Dylan Thomas's expressive, highly imaginative re-creation of forms and language intimately portrays his inner self and his time, earning him renown as one of the "great individualists of modern art." In this contemplative, focused study of poems, stories and other works by Thomas, including Portrait of the Artist as a Young Dog and Under Milk Wood, Barbara Hardy emphasizes his creative achievements and high intelligence, analyzing his regional identity; response to other writers, especially James Joyce; modernist style; subject matter; use of language; and themes of art and the natural world.
Thomas, a Welsh writer, never a nationalist, put into his writing a subtle response to regional landscape, particular people and places, and social context, including the 1930s depression, rural poverty, and war.
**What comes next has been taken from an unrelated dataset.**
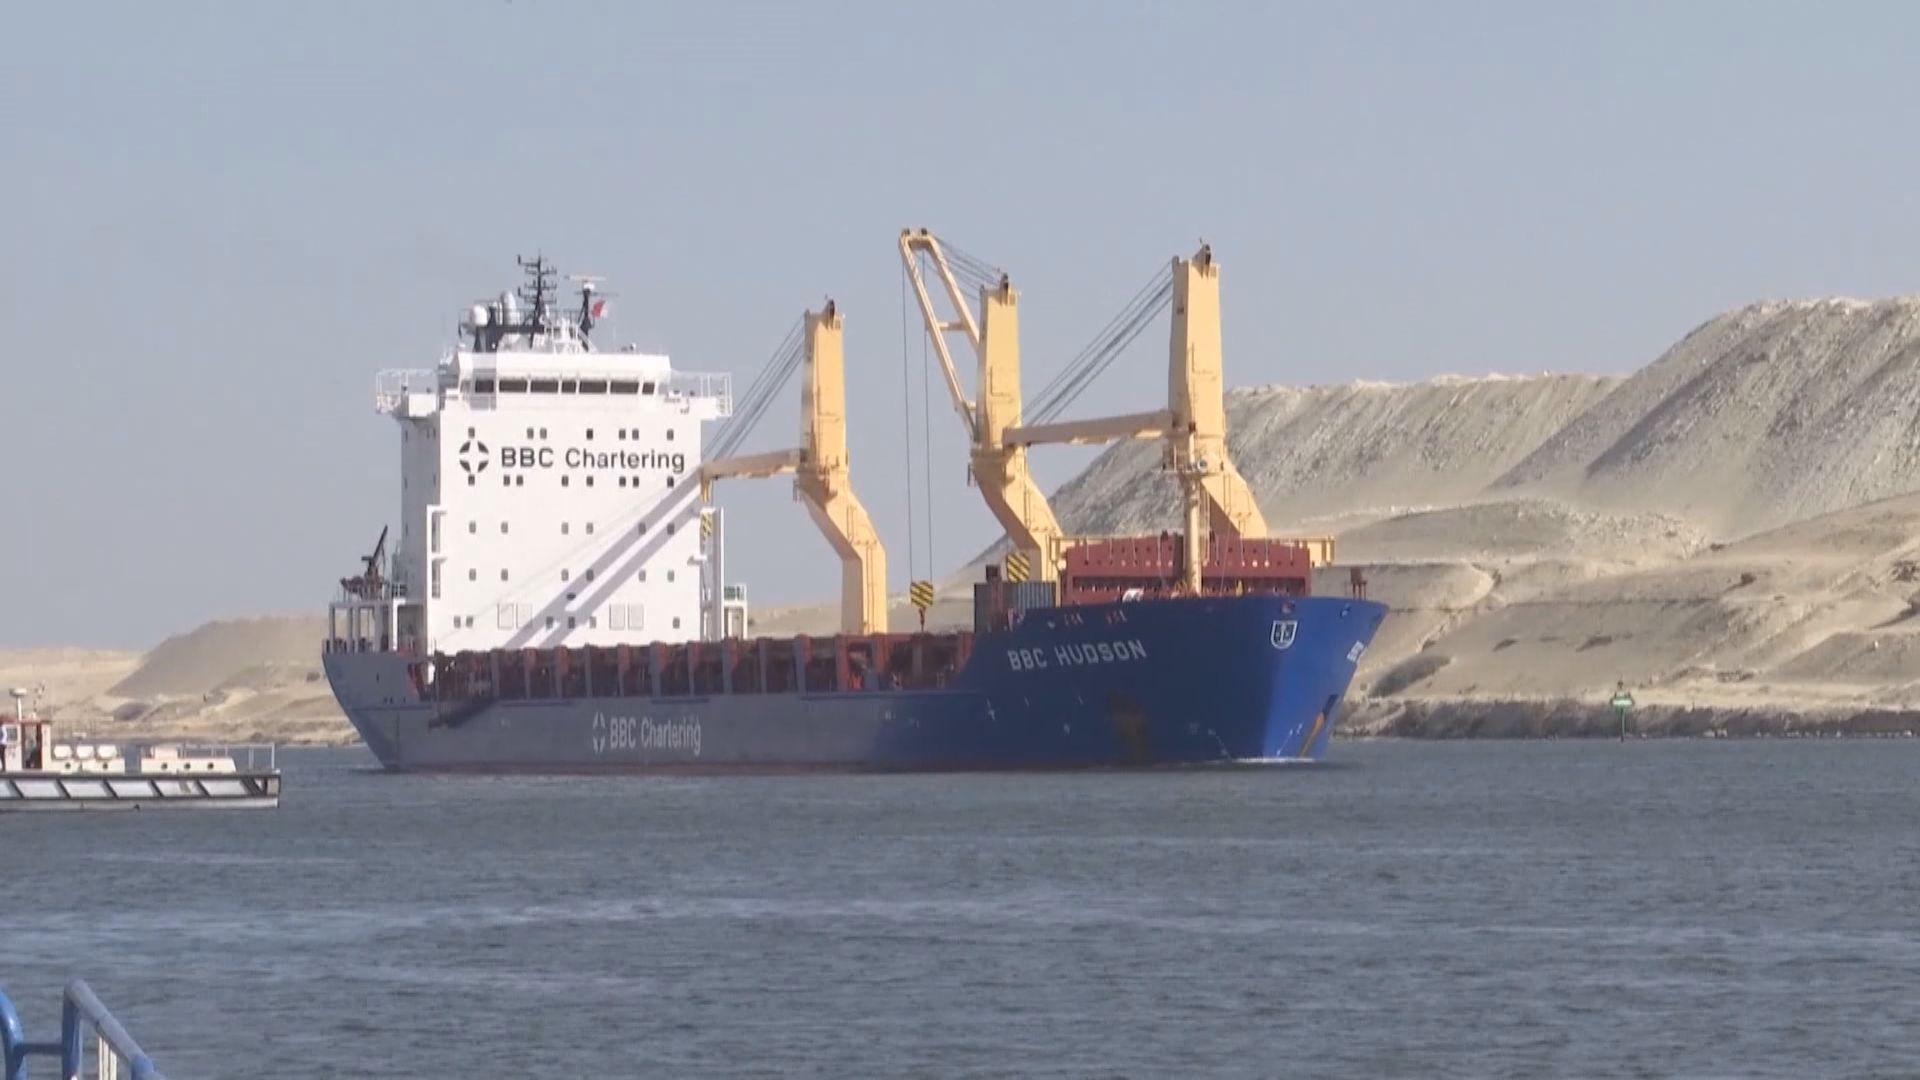 埃及受阻船隻循南北行駛離蘇彝士運河 料四天內回復正常

His poetry and prose are passionate, sensuous, and artistically self-aware. The poetry is especially congenial in its imaginative celebration of greenness--literal, metaphorical, and political. To adapt the words of Charles Lamb, the poet is in "love with this green earth."
Hardy describes Thomas as a resourceful "language-changer" who, like Shakespeare, Dickens, Hopkins, and Joyce, transforms the English language. Through writing so uniquely inventive that it alters the reader's perception of language, Thomas left us with works that are as fresh and relevant to today's world as they were at their debut.